Bab 003: Menyebrang ke Zaman Republik (3)
Sudahlah, jangan berpikiran yang aneh-aneh lagi, ujar Wang Zhenyu sambil melirik tajam orang yang masih mengguncangnya. “Tadinya tidak apa-apa, gara-gara kamu goyang-goyang begini, sekarang jadi bermasalah.”
Barulah Ma Xicheng menghela napas lega, sambil malu-malu menarik kembali tangannya dan tidak lagi memanggil nama kecil Wang Zhenyu, “Tuan Komandan, kalau tidak apa-apa, syukurlah.”
Tuan Komandan? Wang Zhenyu merasa seperti biksu yang tersesat, tidak tahu harus berbuat apa. Ia reflek mengusap belakang kepalanya. Hmm, kenapa terasa lengket dan berbau amis yang tajam? Aduh, berdarah rupanya. Kemungkinan pemilik tubuh ini sebelumnya membenturkan kepala belakangnya ke batu karena suatu alasan, kalau tidak, tidak mungkin kesempatan ini jatuh padanya. Batu ini, hmm, dari segi kemampuan ‘mengalihkan kepemilikan’, tidak kalah dengan kue kacang khas Xinjiang yang dijual ke Mo Yan.
Untung saja lukanya tidak besar, darah yang keluar pun tidak banyak. Setelah Ma Xicheng membalutnya dengan perban dan kain kasa yang dibawa, keadaannya pun tak lagi mengkhawatirkan. Wang Zhenyu pun berdiri dengan bangga, menepuk-nepuk debu di celananya, bahkan melompat-lompat kecil.
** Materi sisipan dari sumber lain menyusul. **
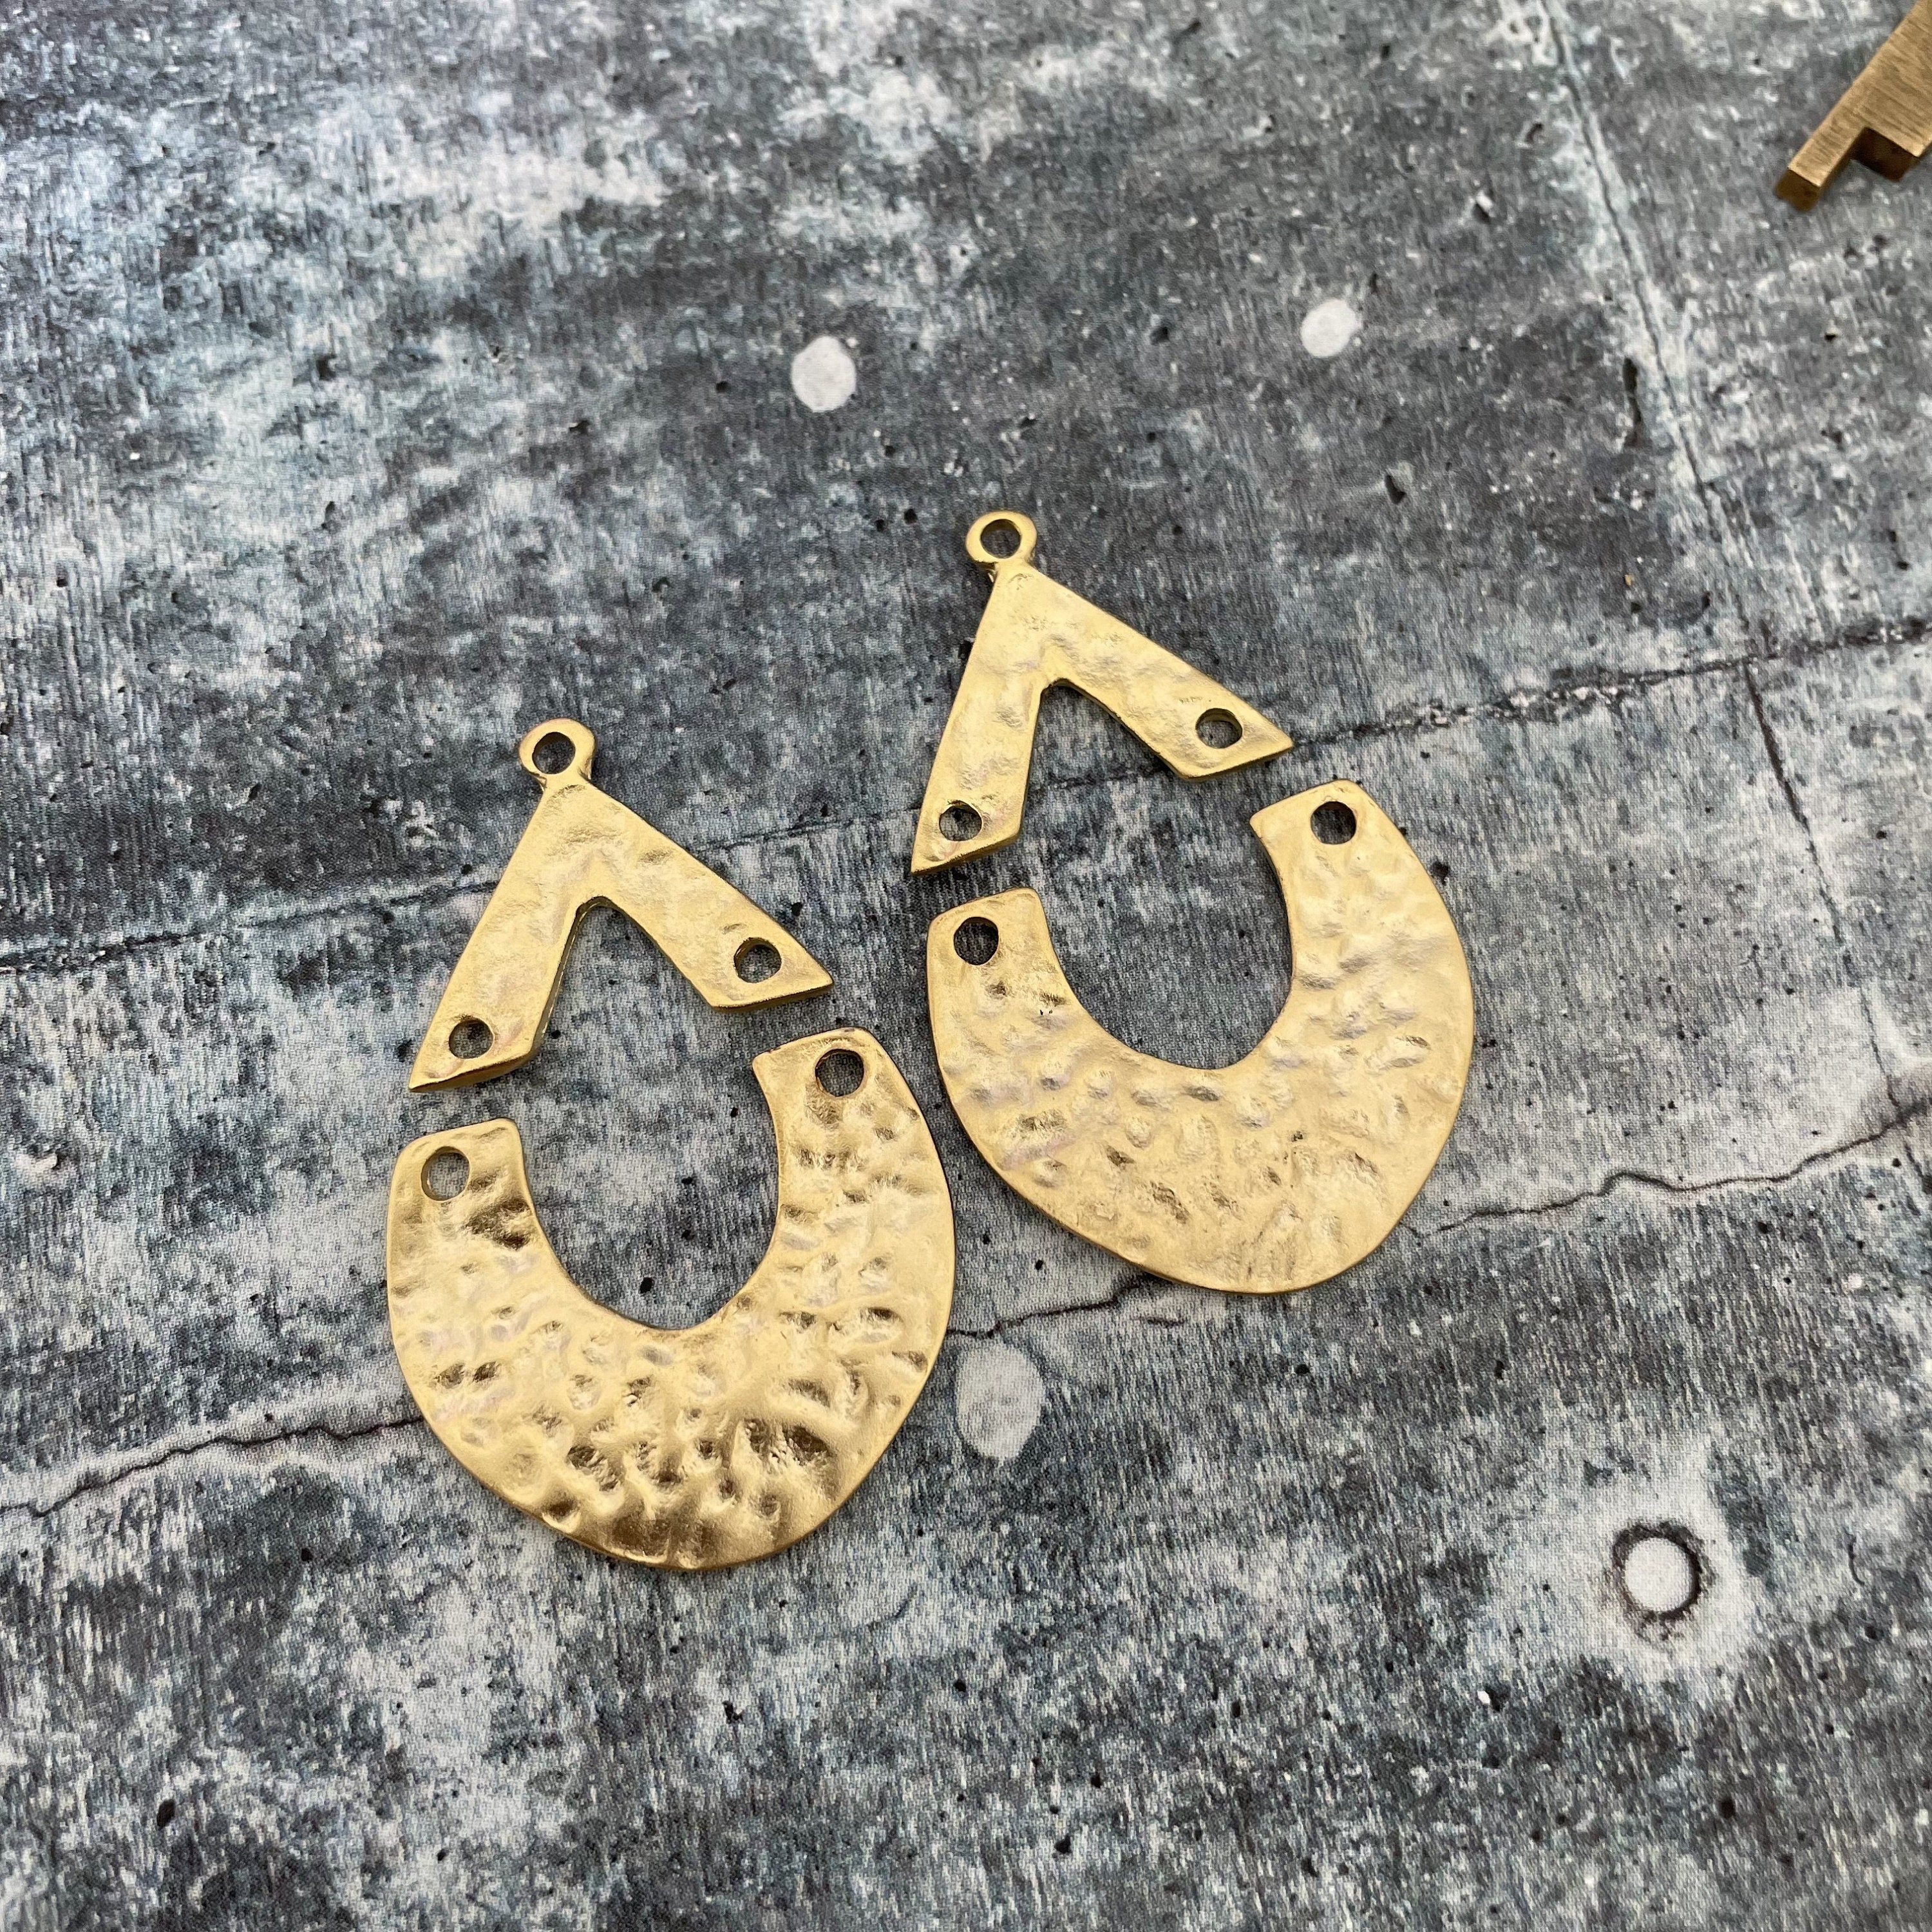 Accessorize in Style with Brass Earring Findings - Raw Brass Connectors and  Charms. 3106

Barulah Ma Xicheng benar-benar merasa lega melihat Wang Zhenyu begitu. Namun, ucapan Wang Zhenyu selanjutnya kembali membuatnya tegang, “Siapa kamu? Siapa aku? Kita ini di mana?”
Sepanjang perjalanan setelah itu, mungkin karena rasa sakit di luka terus merangsang saraf-saraf otaknya, Wang Zhenyu justru merasa pikirannya semakin jernih. Ia mulai menata sisa ingatan yang tertinggal di tubuh barunya ini.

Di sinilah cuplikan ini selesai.